→ **Goal of the exercise**
What you produce should be the lines from the line containing "Altona KW16-2015 by" through the last line below, both ends included, reproduced exactly and without pictures.

→ **Data**
++++++

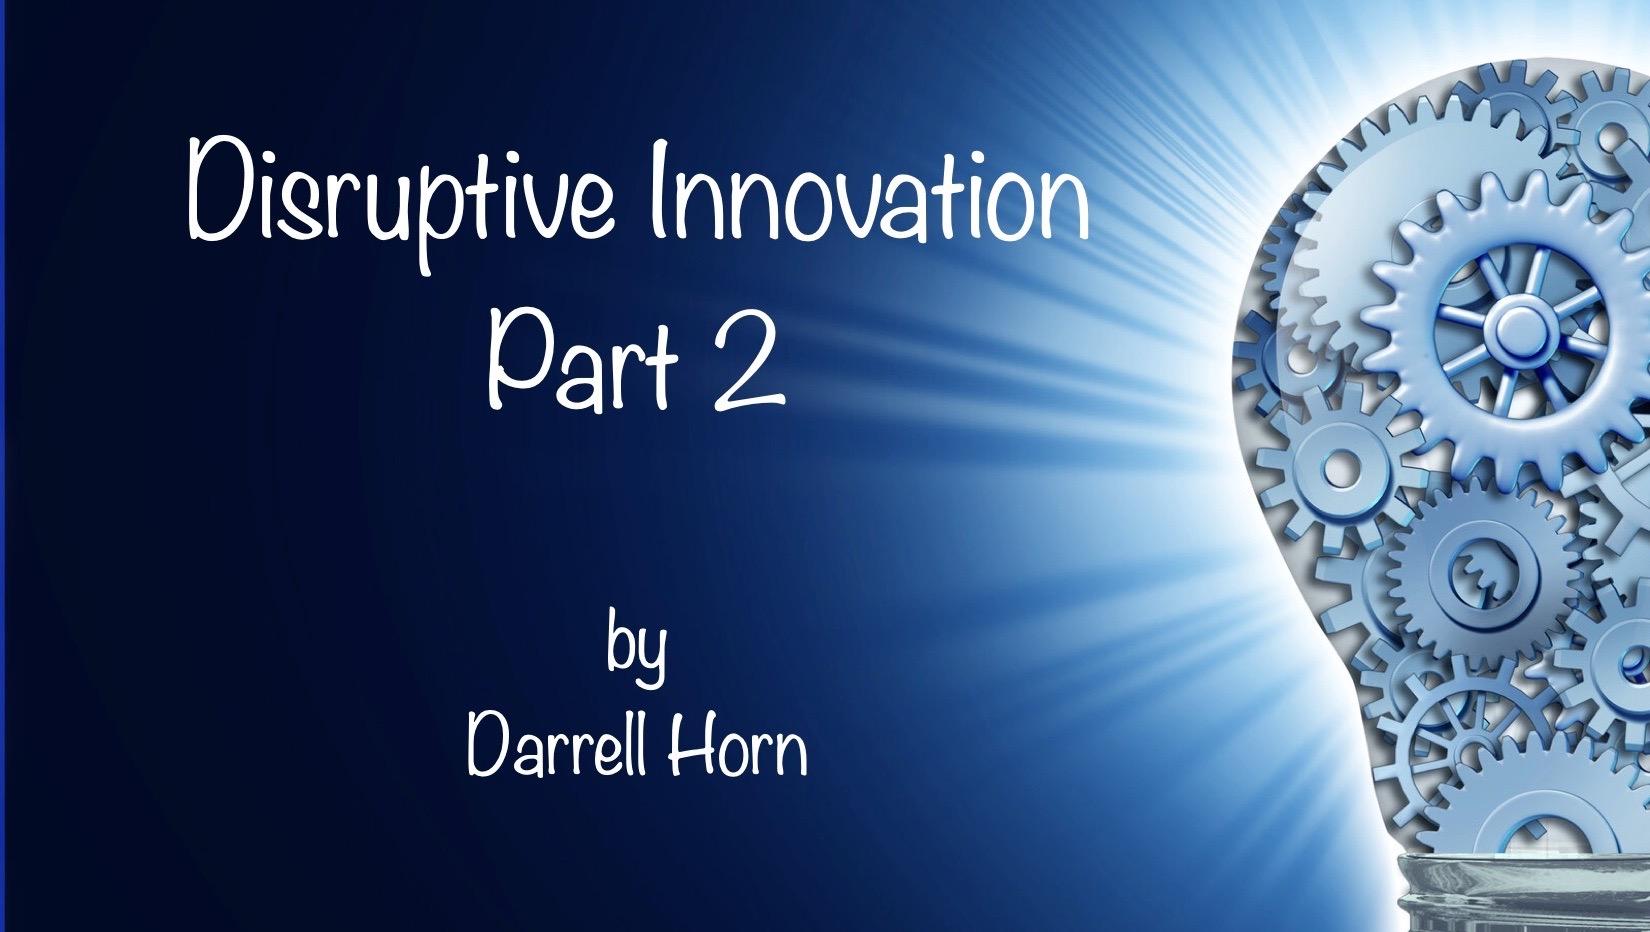 disruptive innovation part 2
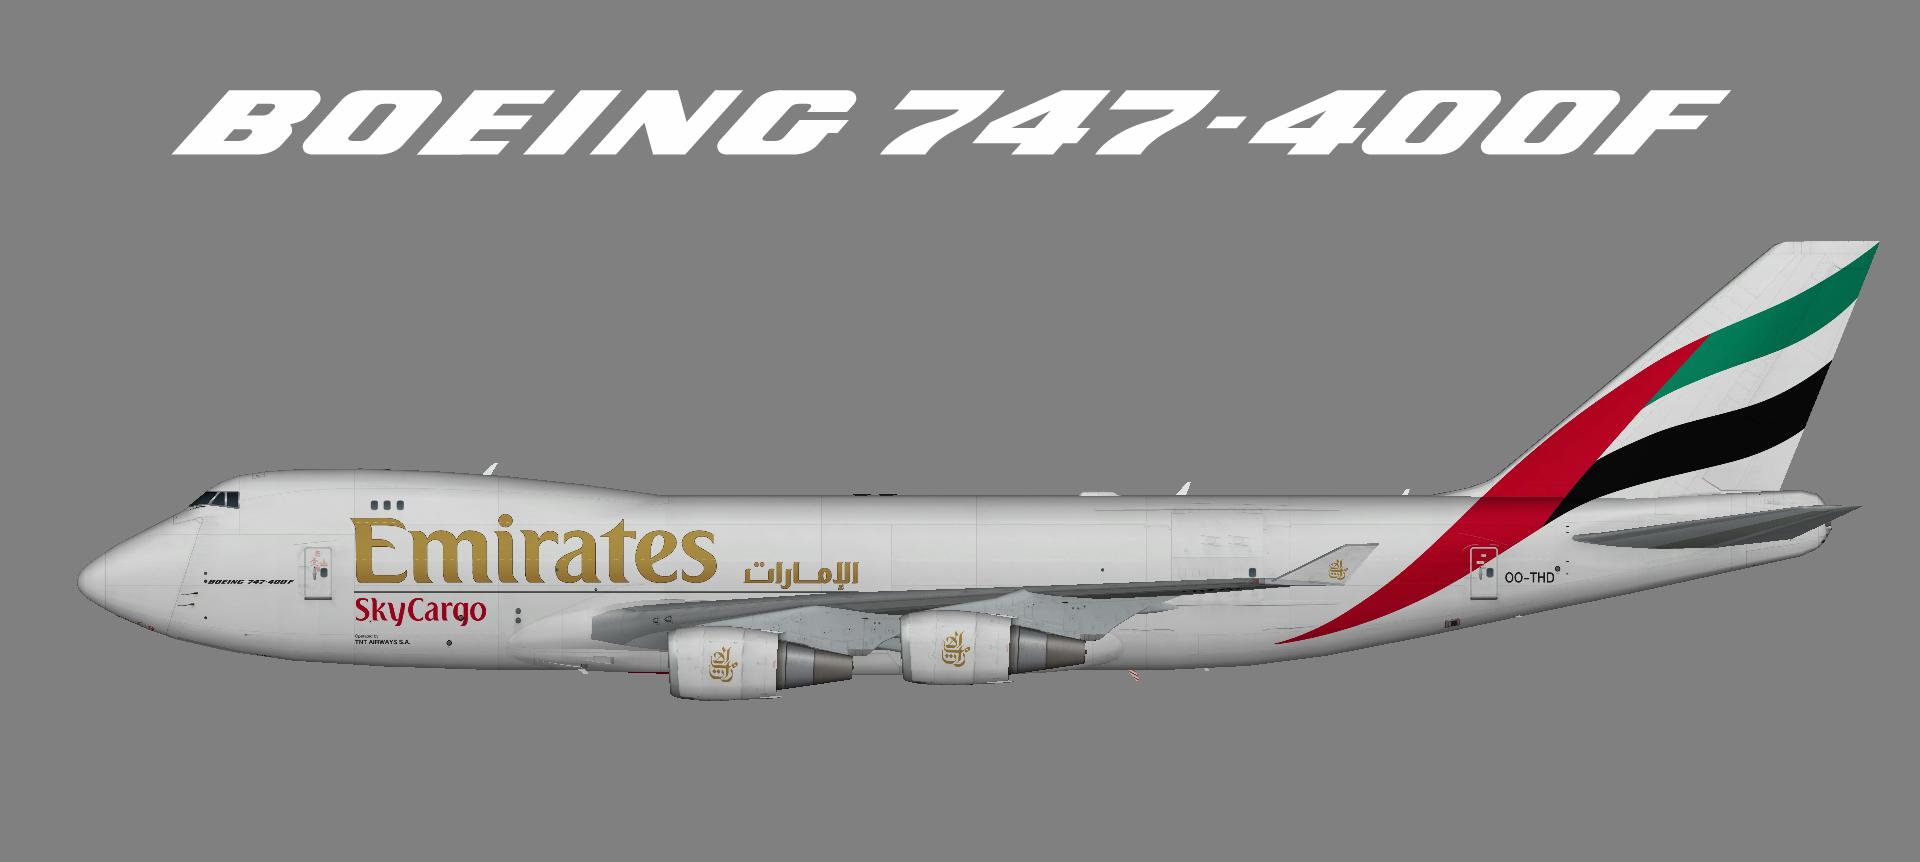 Emirates Skycargo 747-400F
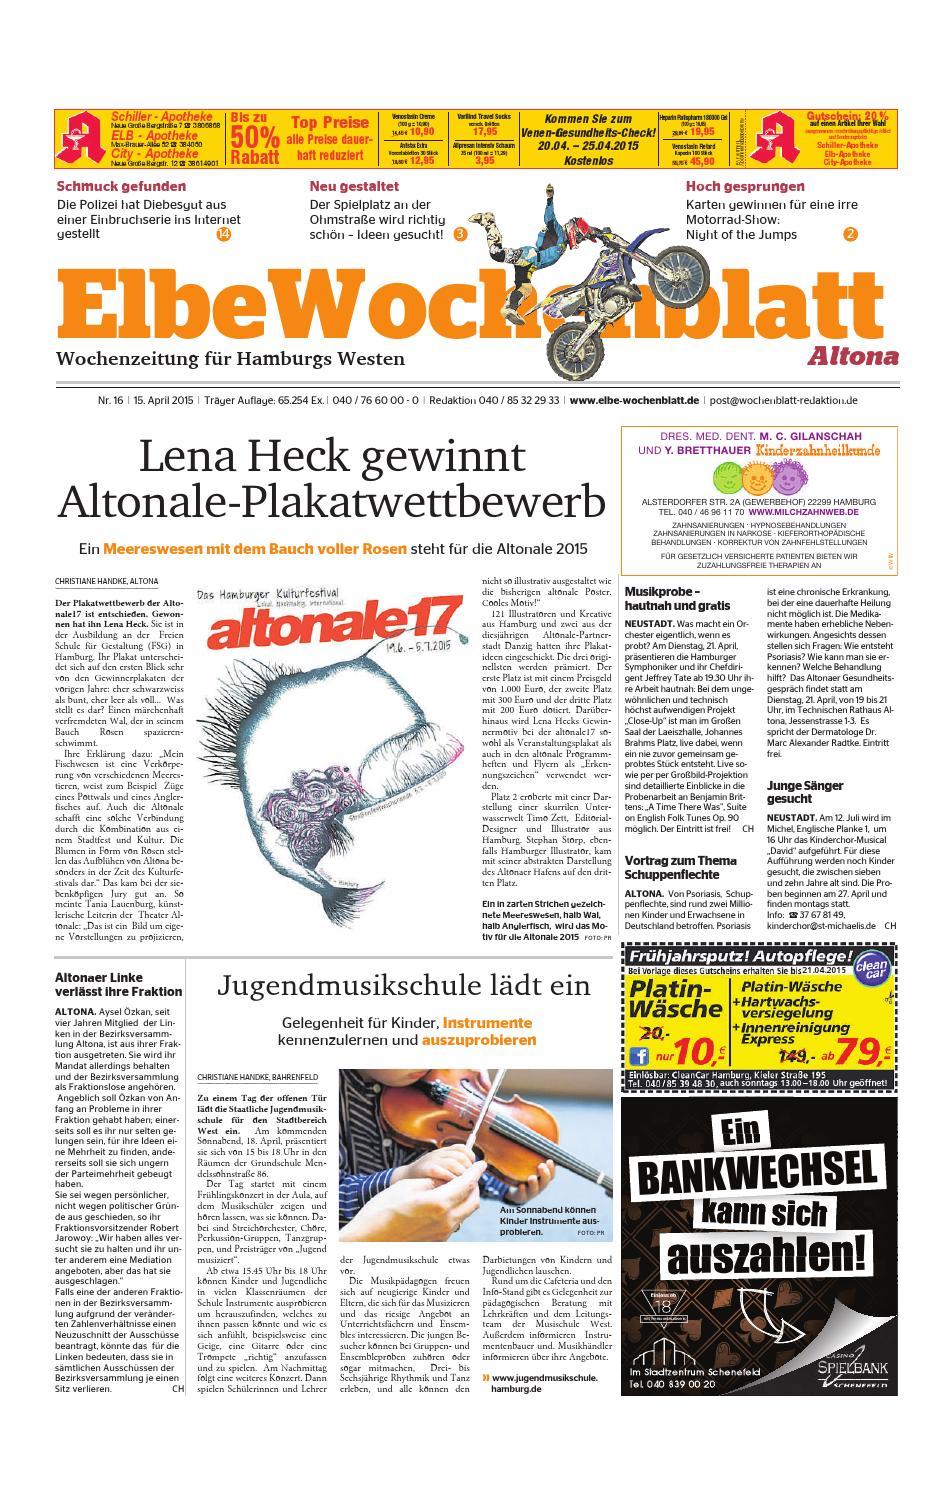 Altona KW16-2015 by Elbe Wochenblatt Verlagsgesellschaft mbH & Co.KG - issuu
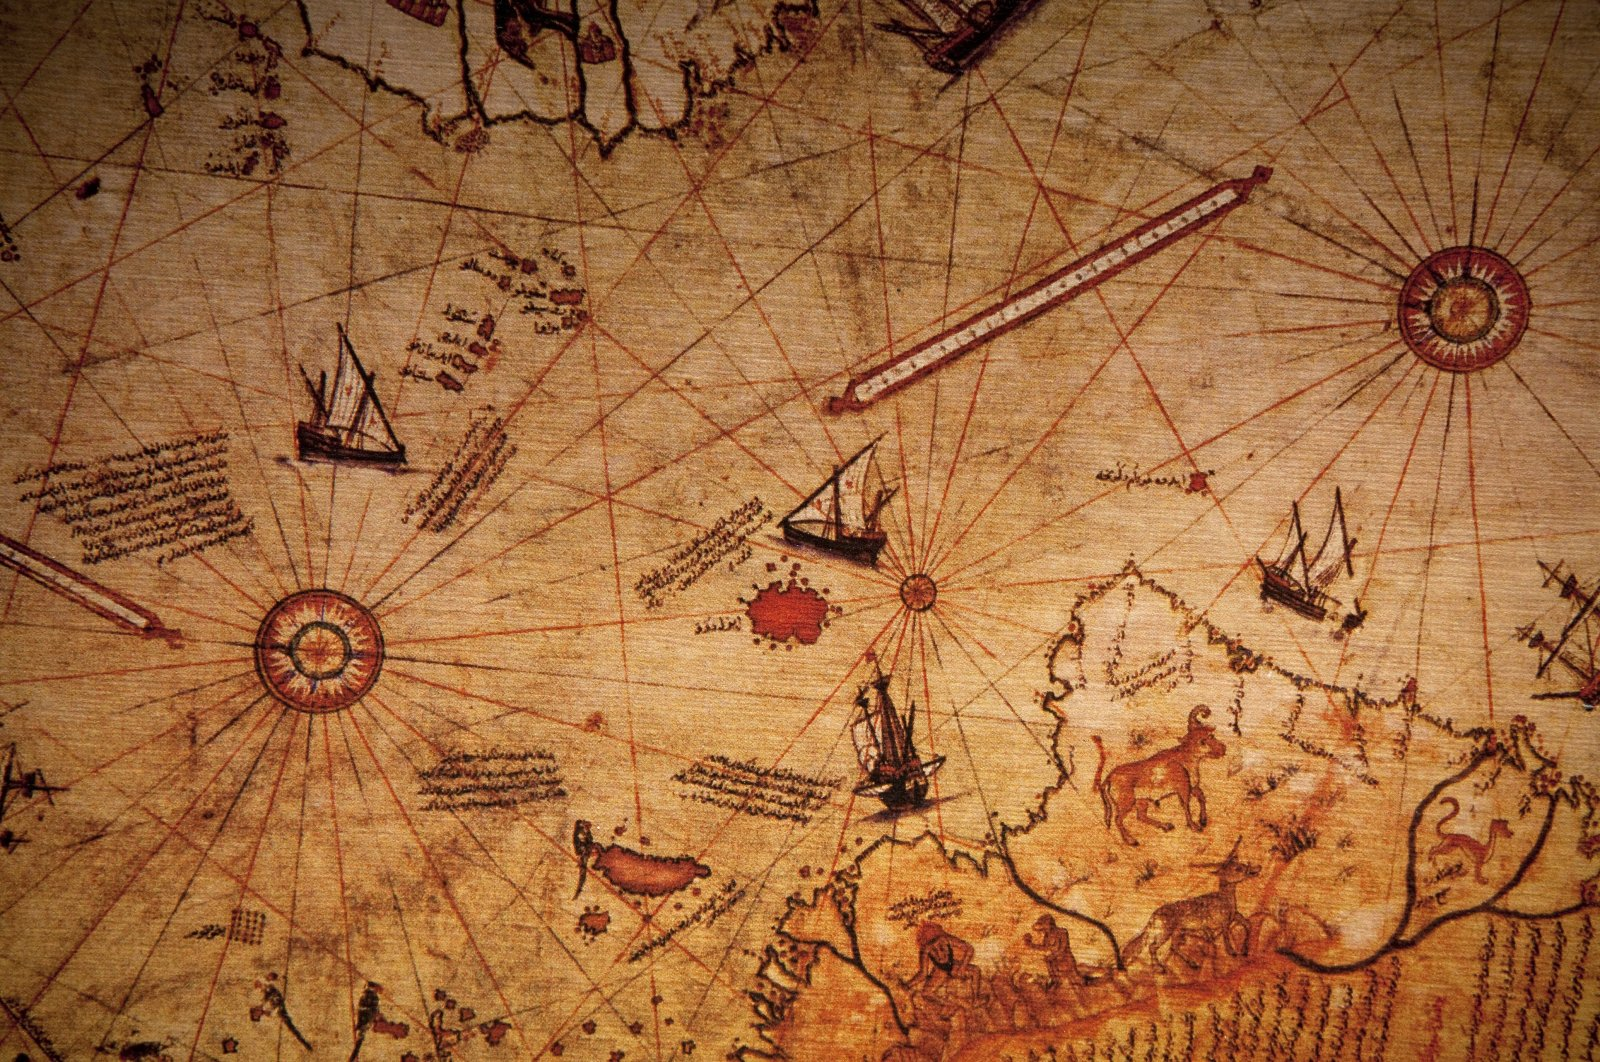 Full-frame view of Piri Reis' world map. (iStock Photo)

++++++

→ **Response**
 Altona KW16-2015 by Elbe Wochenblatt Verlagsgesellschaft mbH & Co.KG - issuu
 Full-frame view of Piri Reis' world map. (iStock Photo)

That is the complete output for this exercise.